I don’t buy it. Nothing is cheap enough if the buyer can’t integrate the acquired institution or execute the strategy that led to the deal in the first place. And no company has such a long and unbroken record of destroying value via acquisition as Citigroup does.
From the original Citi-Travelers deal, to Citi’s acquisition of European-American Bank, to its $800 million buyout of Vikram Pandit's hedge fund, Citi’s track record on deals has basically consisted of one fiasco after another. And most of its deals have been a lot less complex than the one Citi proposes to carry out now. For his part, Vik Pandit has never carried out a large-scale integration. (For that matter, he hasn’t even run a large public banking company very long.)
Wachovia, despite the Golden West debacle, had a strong commercial and retail banking model that served millions of customers. Citi has a horrendous retail model, no small-business model, and no middle-market business. And we’re supposed to believe Citi can stitch these two businesses together and make it work?

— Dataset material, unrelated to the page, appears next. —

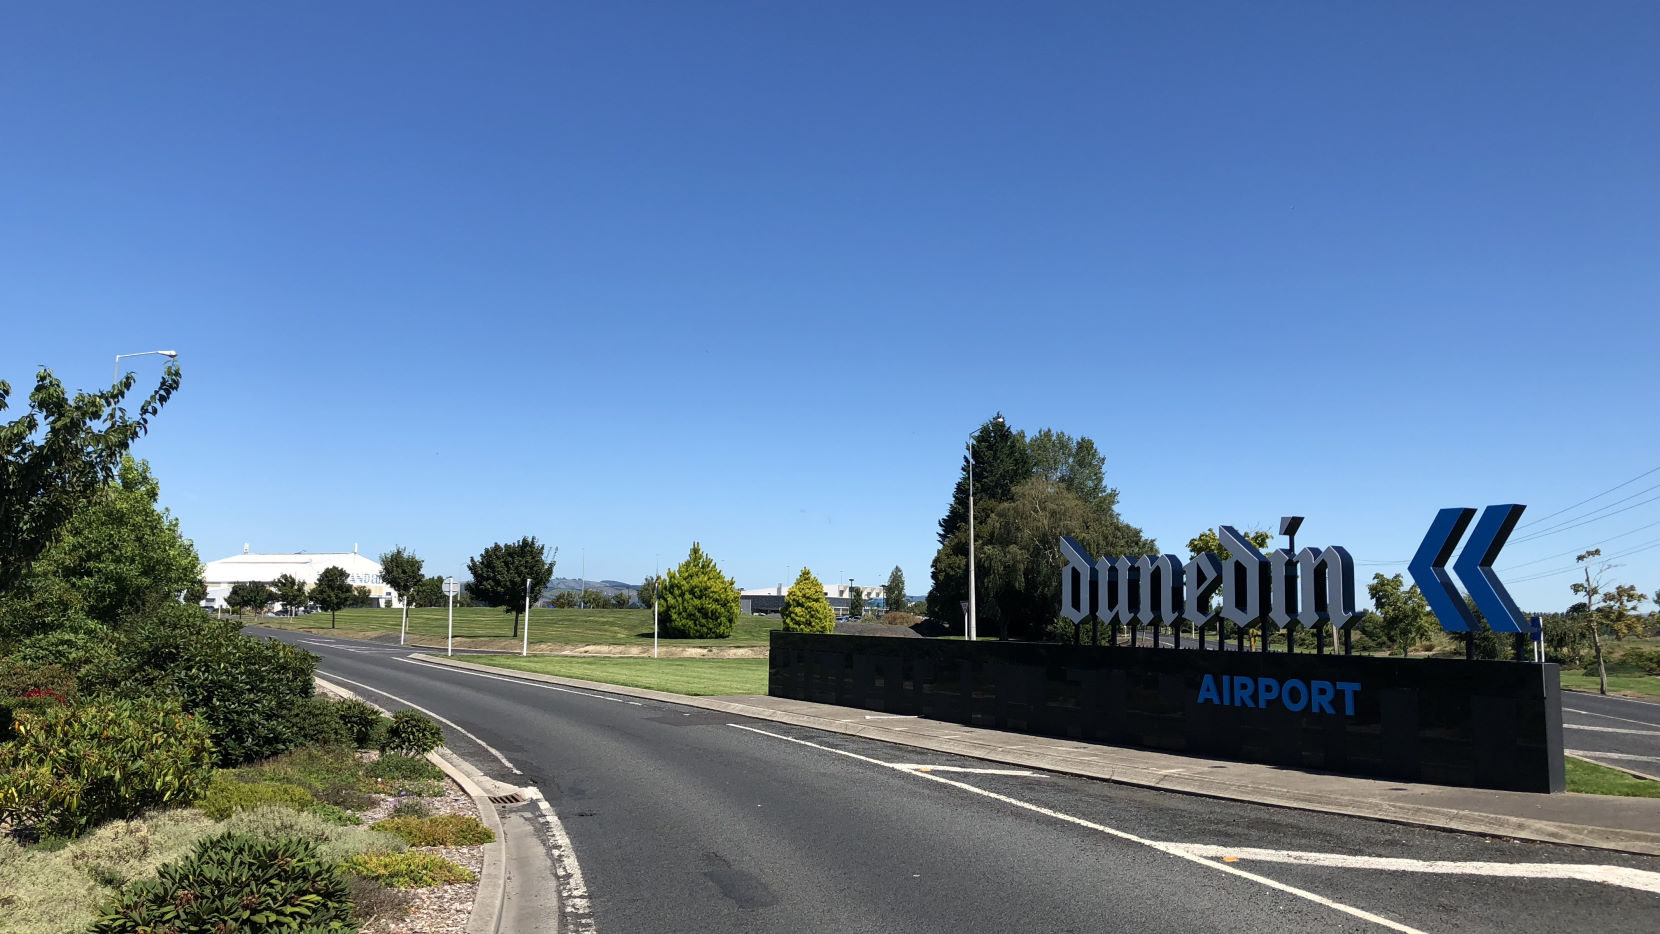 Dunedin Airport roadside entry sign.

When Citi bought EAB, it said it loved the retail business and would use EAB’s strong small-business and middle-market base to build a new Citi. Twenty-four months later there was no EAB bank, no staff, and hardly any small-business or middle-market customers.
I don’t see any reason why Citi’s experience with Wachovia won’t be a replay of its experience with EAB.
Sorry Tom, we disagree.
Even getting Wachovia for free, Citi still paid too much.